**INSTRUCTIONS TO FOLLOW:**
Make an exact copy of the listing underneath, skipping each picture.

=== SUPPLIED MATERIAL ===

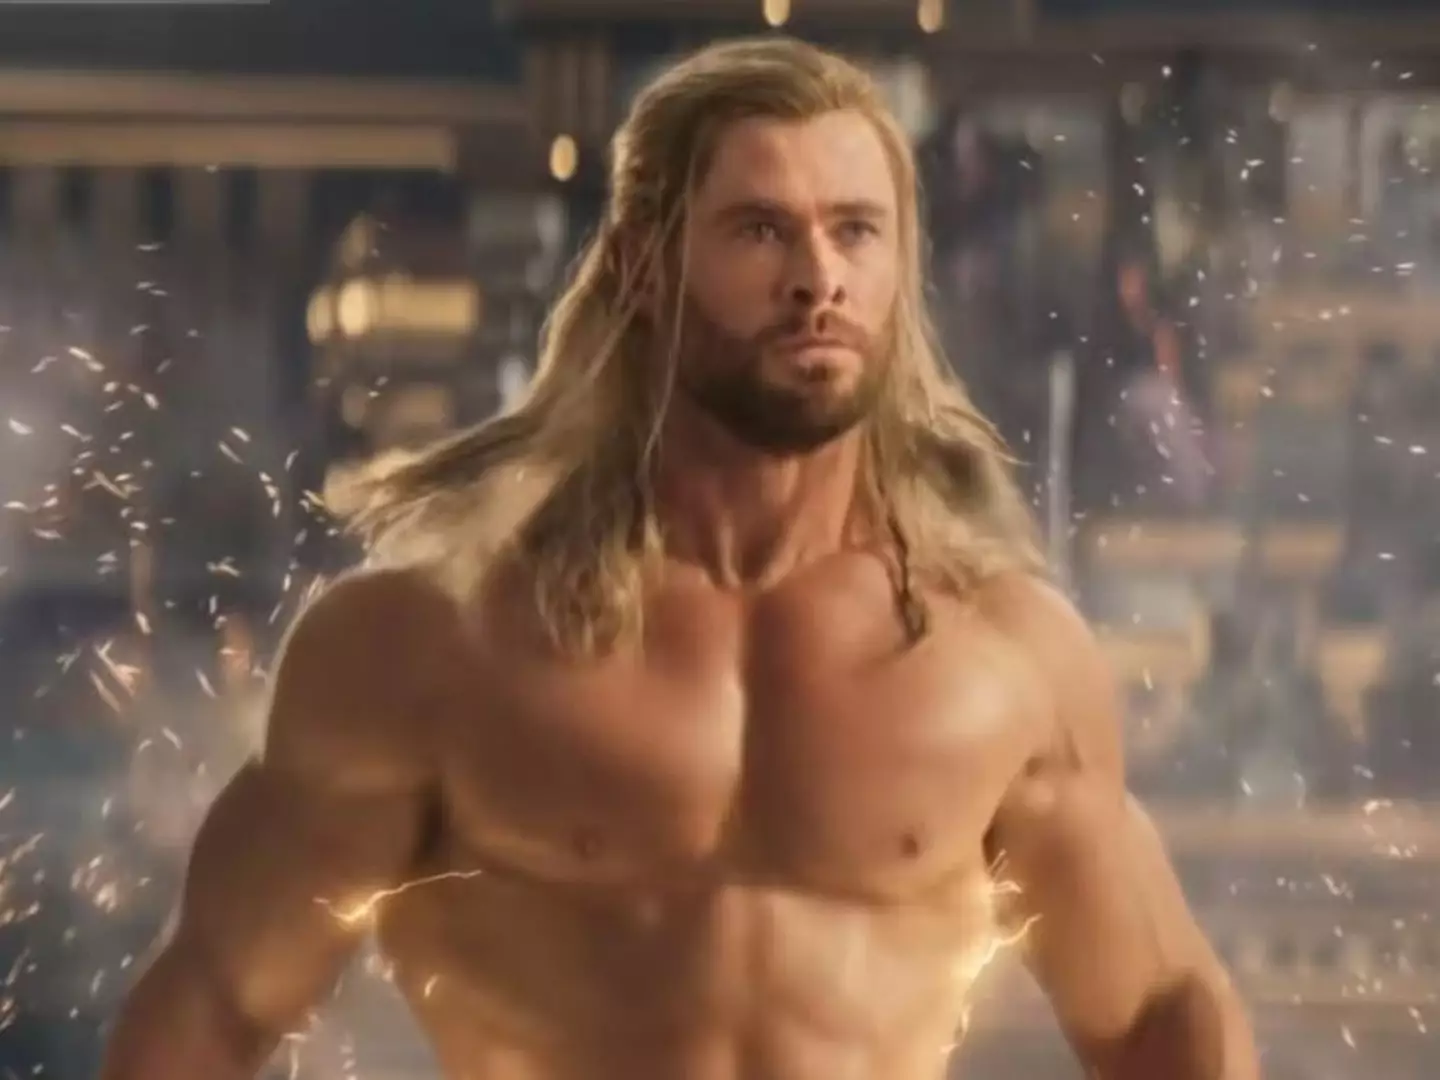 Chris Hemsworth needs to keep in shape for his various roles.
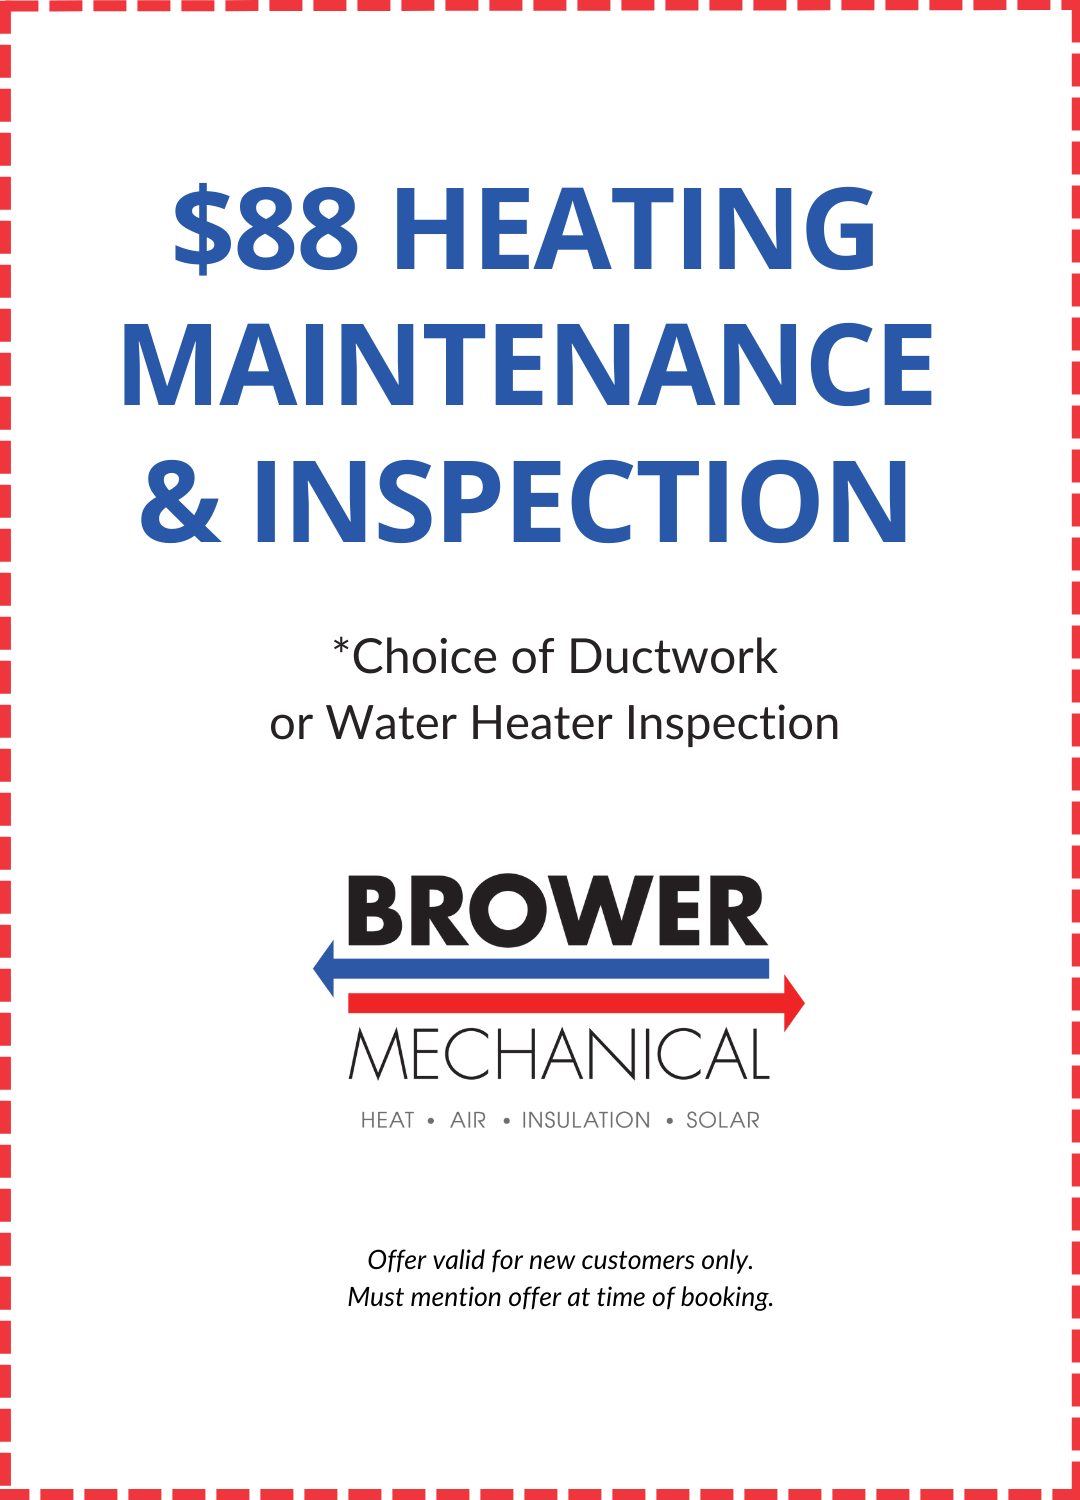 Brower Special $88 Heating Maintenance Graphic Coupon
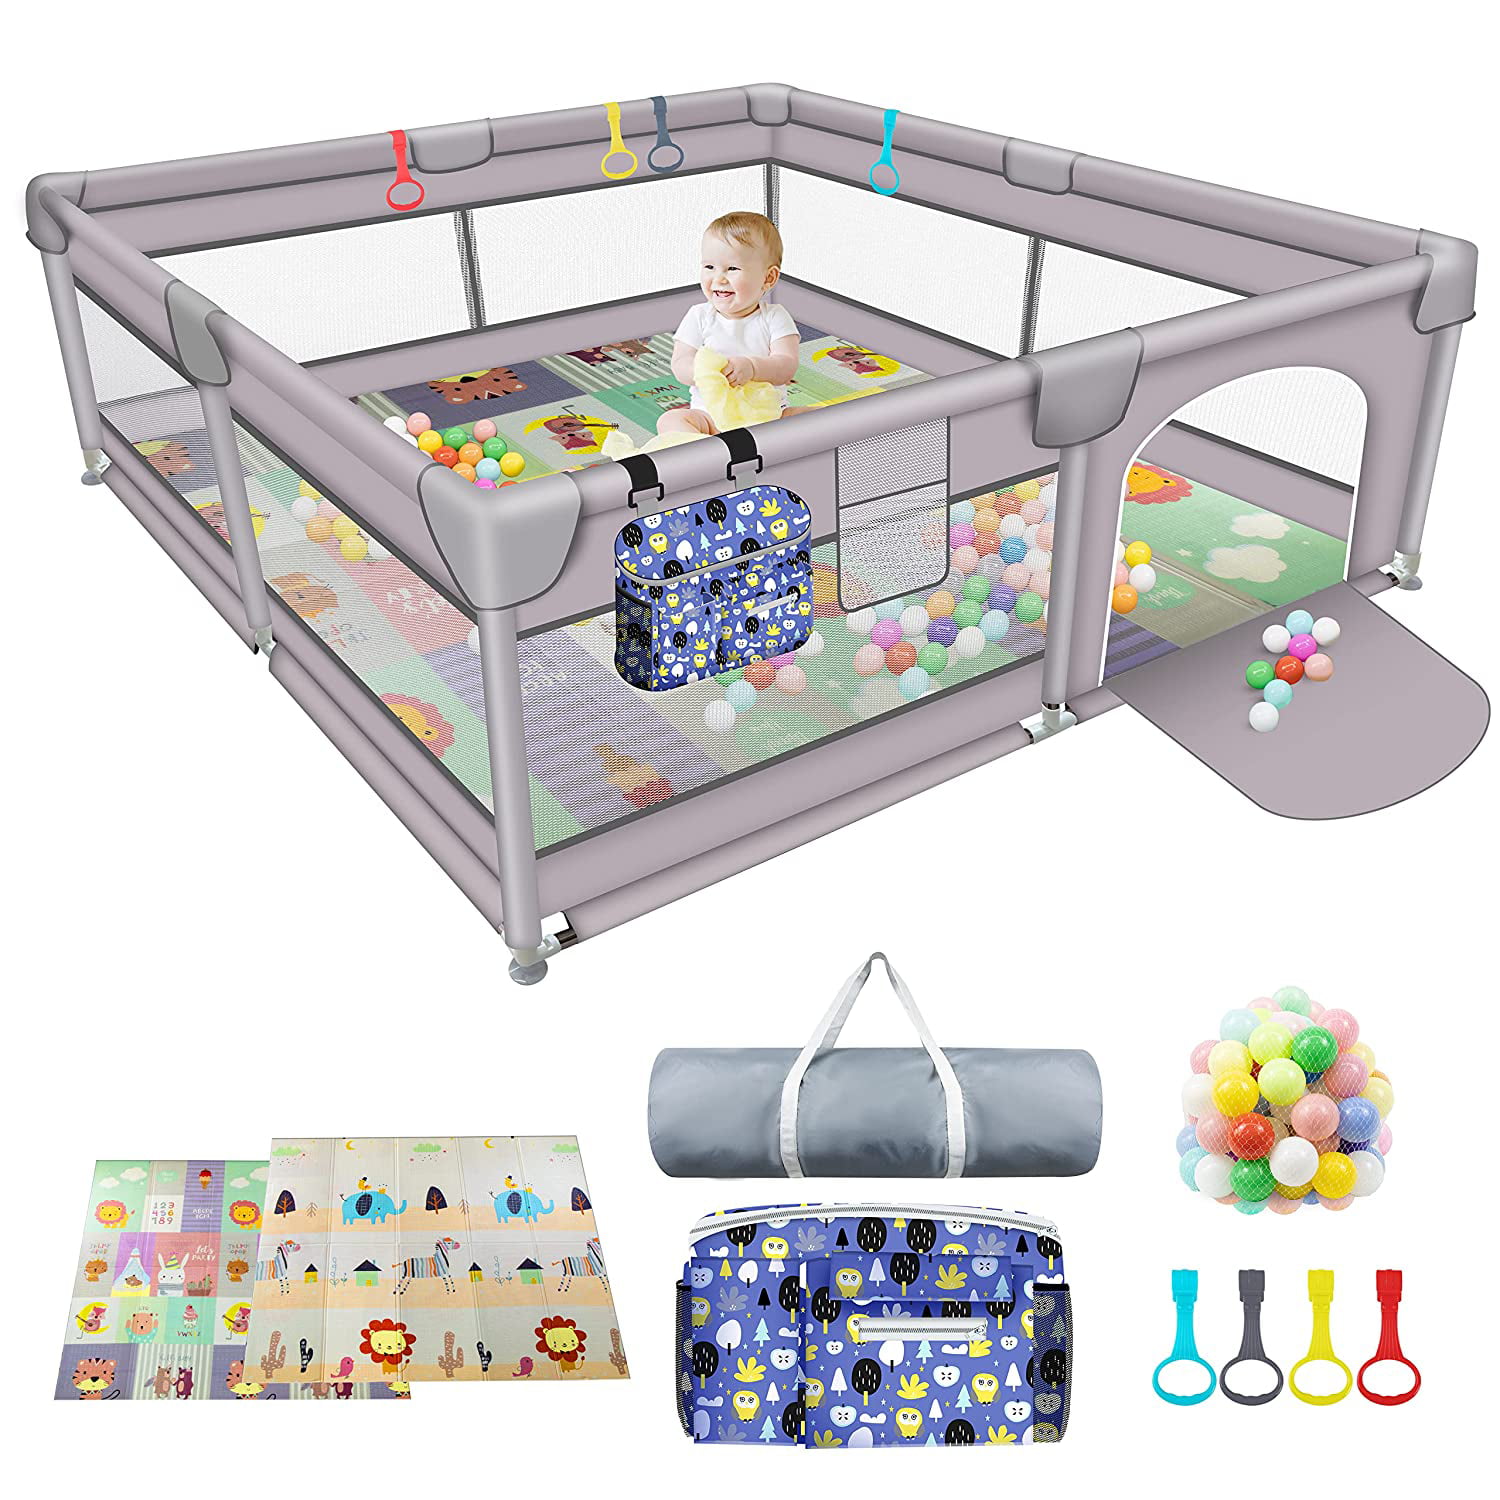 Light Gray, Large Sturdy Safety Playpen with Anti-Slip Suckers and Super Soft Breathable Mesh Baby Playpen Extra Large Playyard for Toddler,Portable Kids Activity Center for Indoor and Outdoor

===

**SOLVED EXERCISE:**
 Chris Hemsworth needs to keep in shape for his various roles.
 Brower Special $88 Heating Maintenance Graphic Coupon
 Light Gray, Large Sturdy Safety Playpen with Anti-Slip Suckers and Super Soft Breathable Mesh Baby Playpen Extra Large Playyard for Toddler,Portable Kids Activity Center for Indoor and Outdoor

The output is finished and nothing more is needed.